■ Prompt
Output the records below verbatim, minus the pictures.

═══

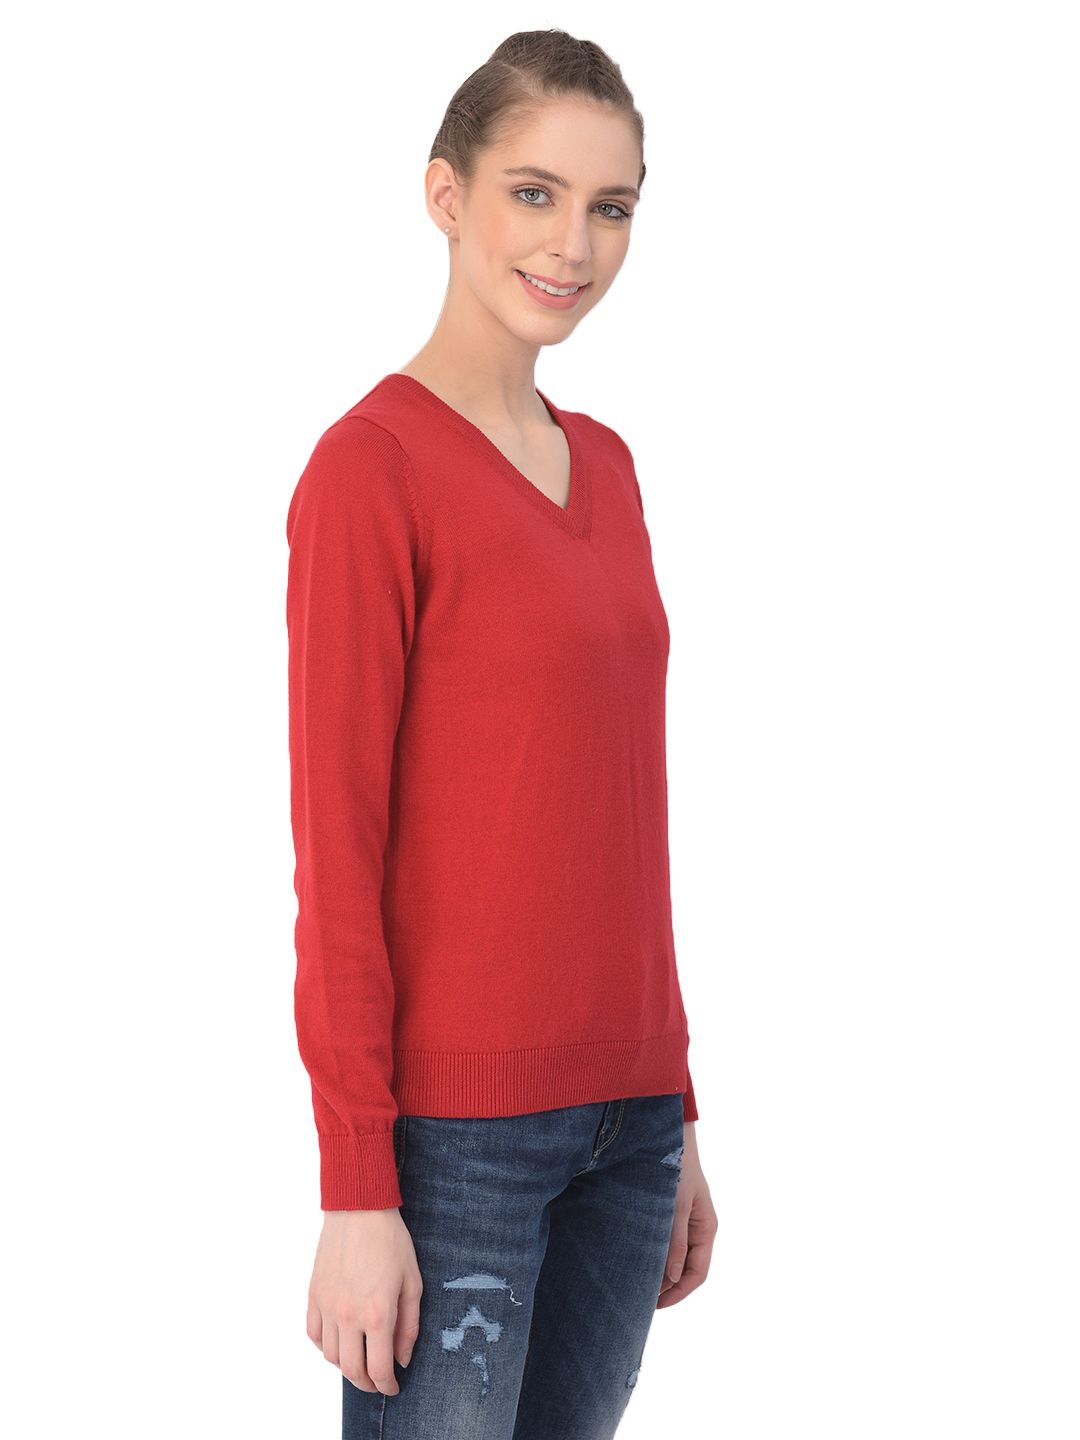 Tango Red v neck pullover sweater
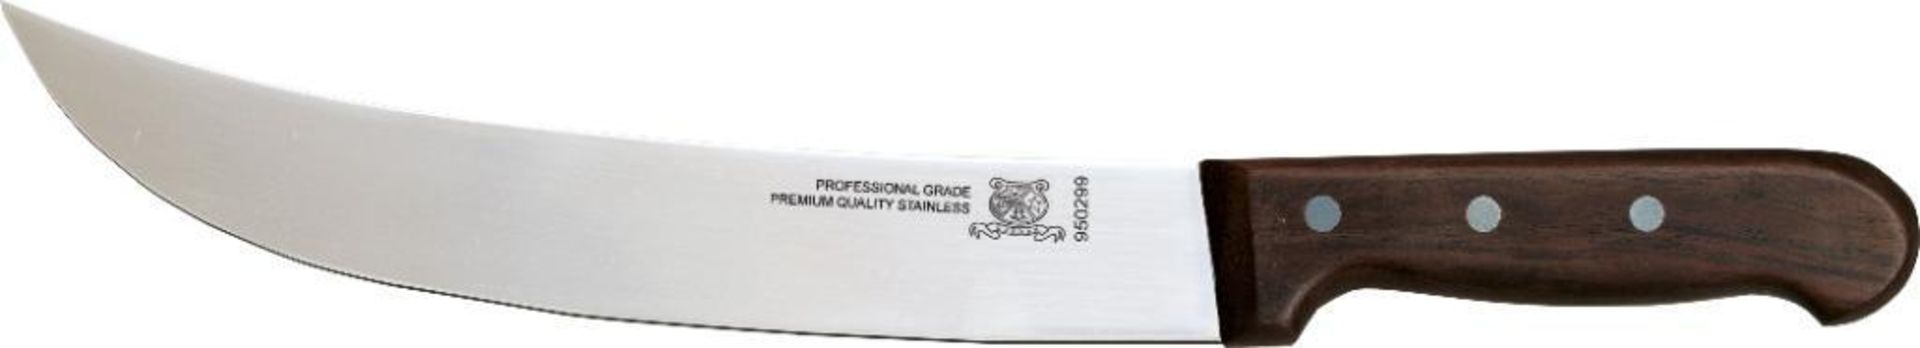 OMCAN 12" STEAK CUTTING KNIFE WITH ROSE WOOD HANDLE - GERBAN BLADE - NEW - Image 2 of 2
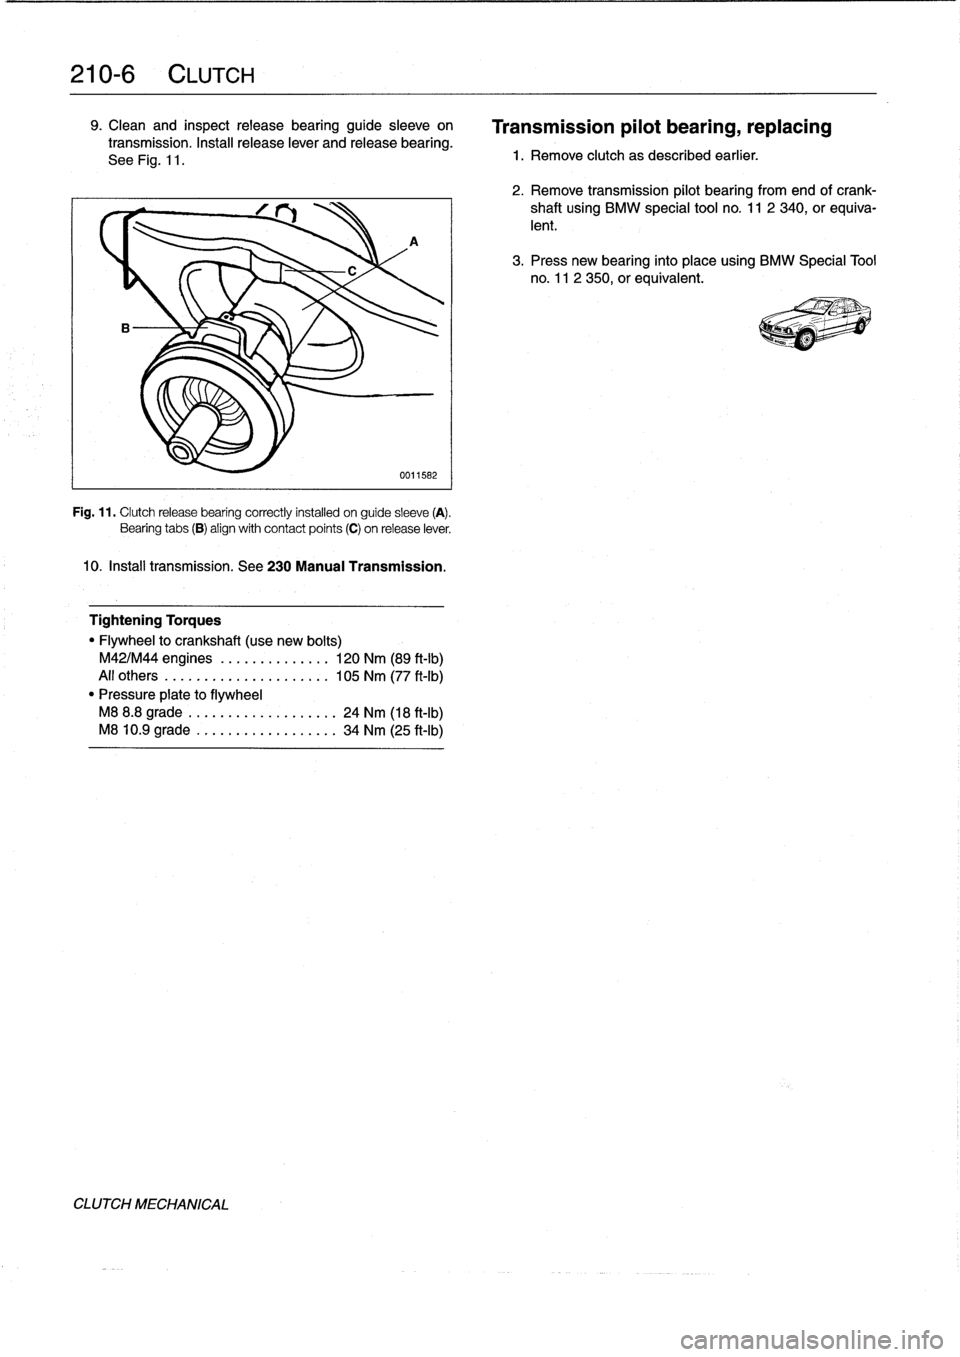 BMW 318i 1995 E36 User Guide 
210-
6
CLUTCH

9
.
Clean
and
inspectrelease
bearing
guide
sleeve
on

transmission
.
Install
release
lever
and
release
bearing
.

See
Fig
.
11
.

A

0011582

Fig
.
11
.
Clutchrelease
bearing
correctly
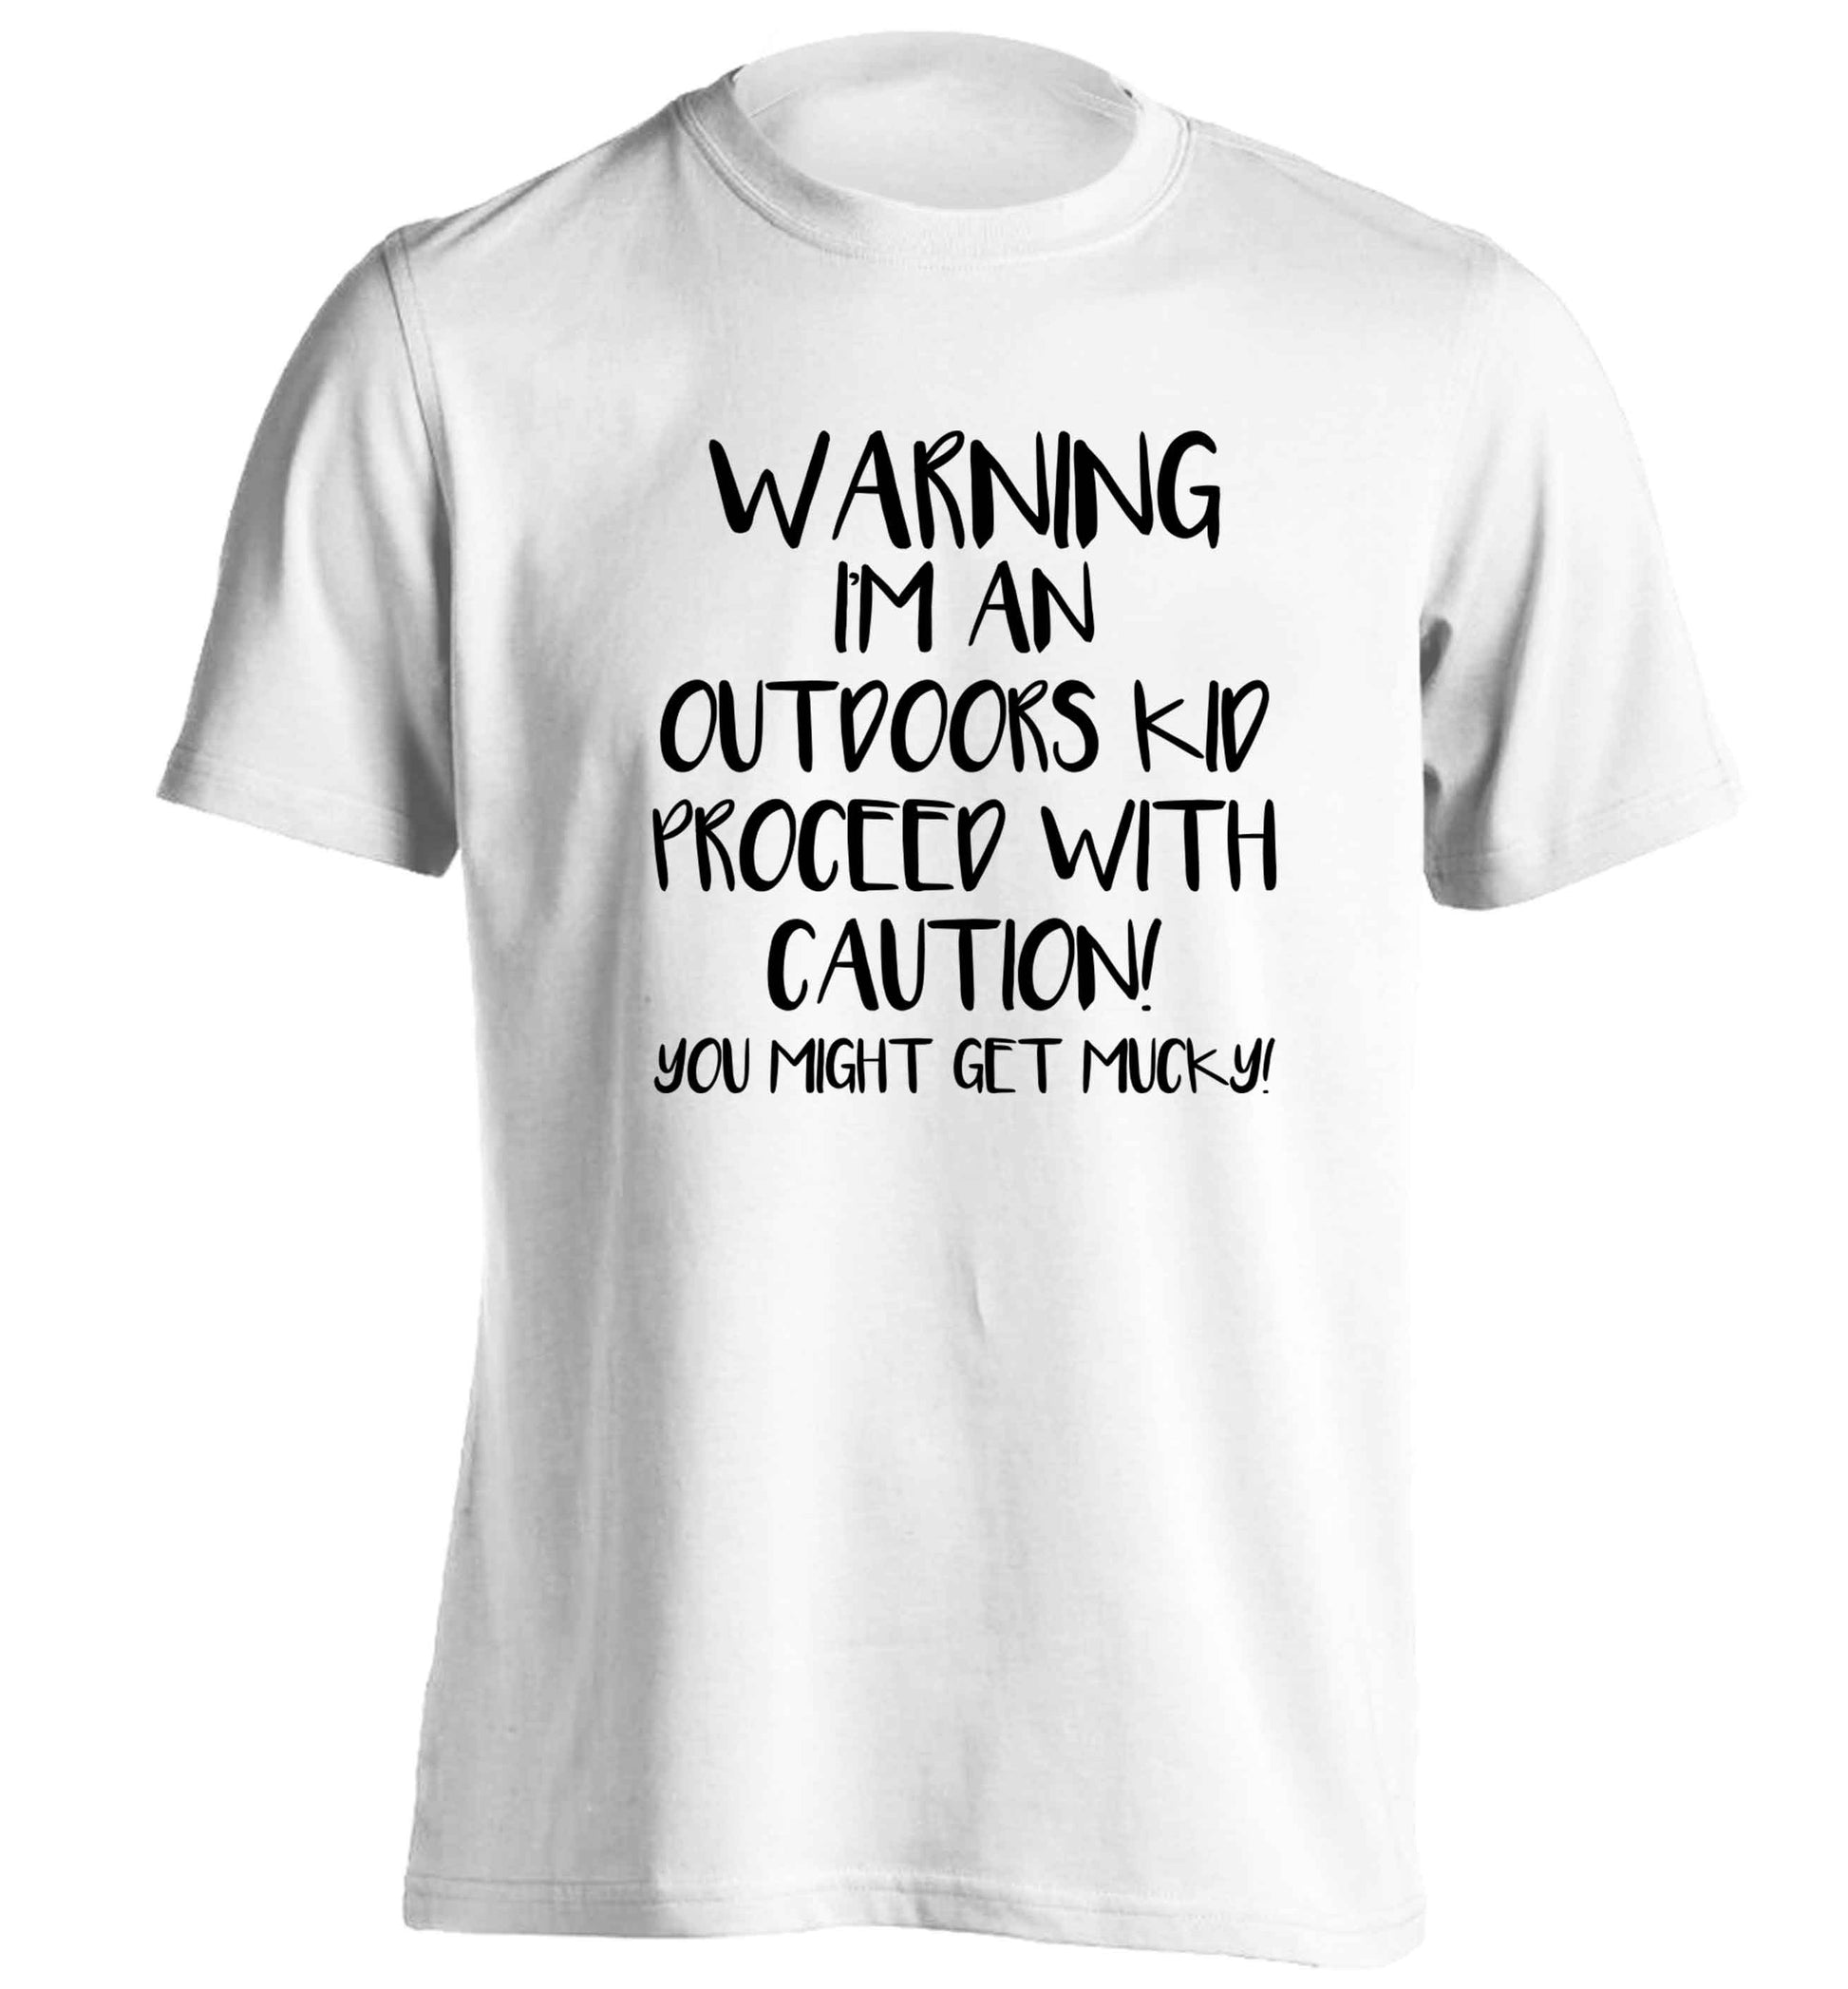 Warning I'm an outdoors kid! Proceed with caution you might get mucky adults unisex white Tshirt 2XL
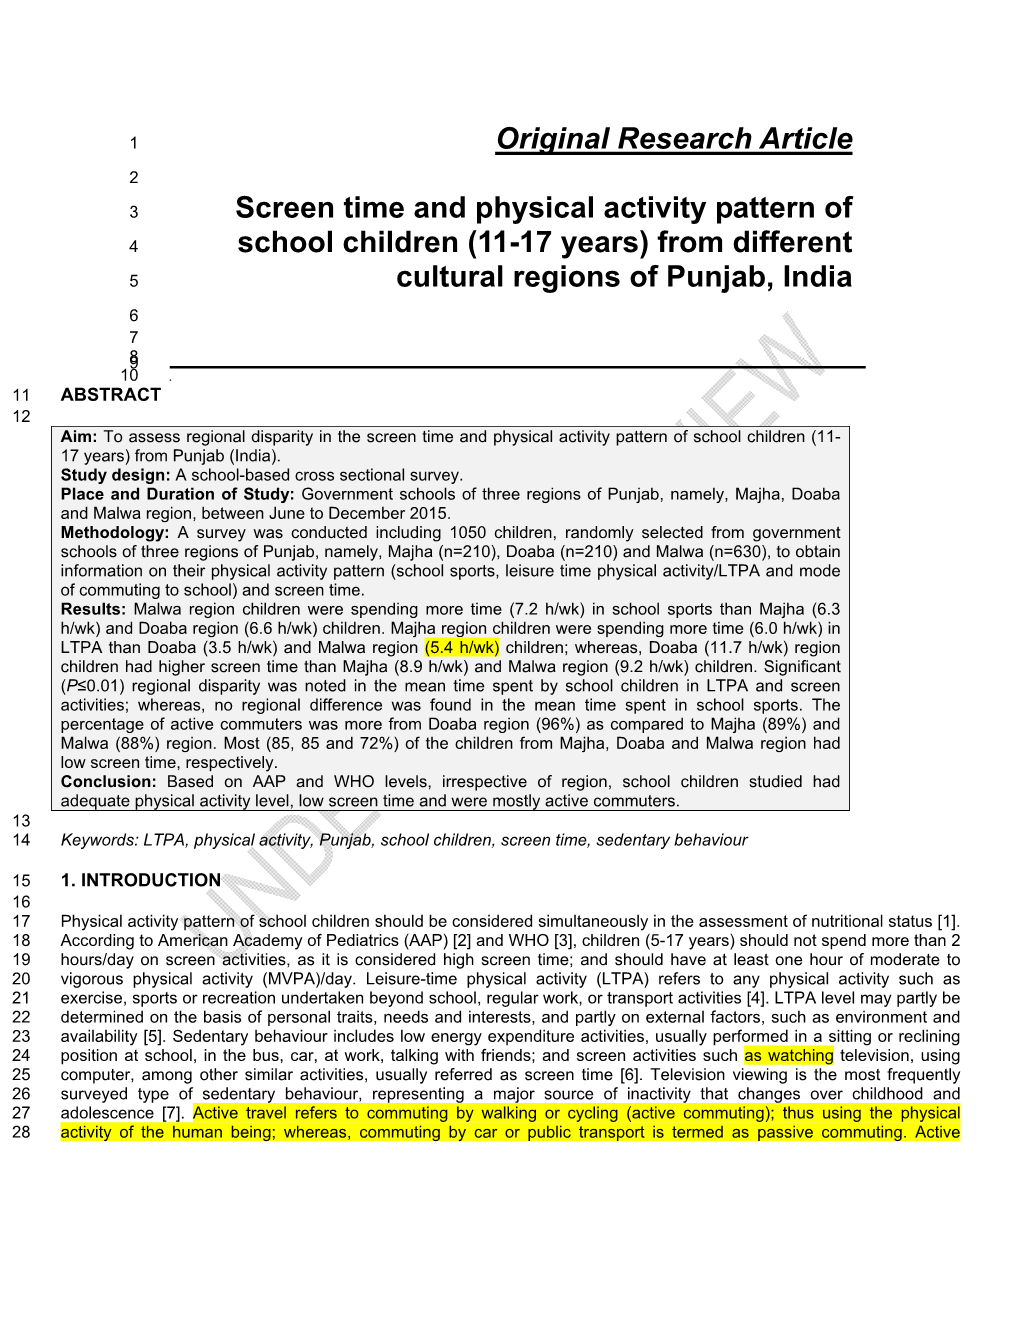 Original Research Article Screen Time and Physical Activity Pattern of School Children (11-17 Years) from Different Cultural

═══

■ Answer space
 Tango Red v neck pullover sweater
 OMCAN 12" STEAK CUTTING KNIFE WITH ROSE WOOD HANDLE - GERBAN BLADE - NEW - Image 2 of 2
 BMW 318i 1995 E36 User Guide 
210-
6
CLUTCH

9
.
Clean
and
inspectrelease
bearing
guide
sleeve
on

transmission
.
Install
release
lever
and
release
bearing
.

See
Fig
.
11
.

A

0011582

Fig
.
11
.
Clutchrelease
bearing
correctly
 Warning I'm an outdoors kid! Proceed with caution you might get mucky adults unisex white Tshirt 2XL
 Original Research Article Screen Time and Physical Activity Pattern of School Children (11-17 Years) from Different Cultural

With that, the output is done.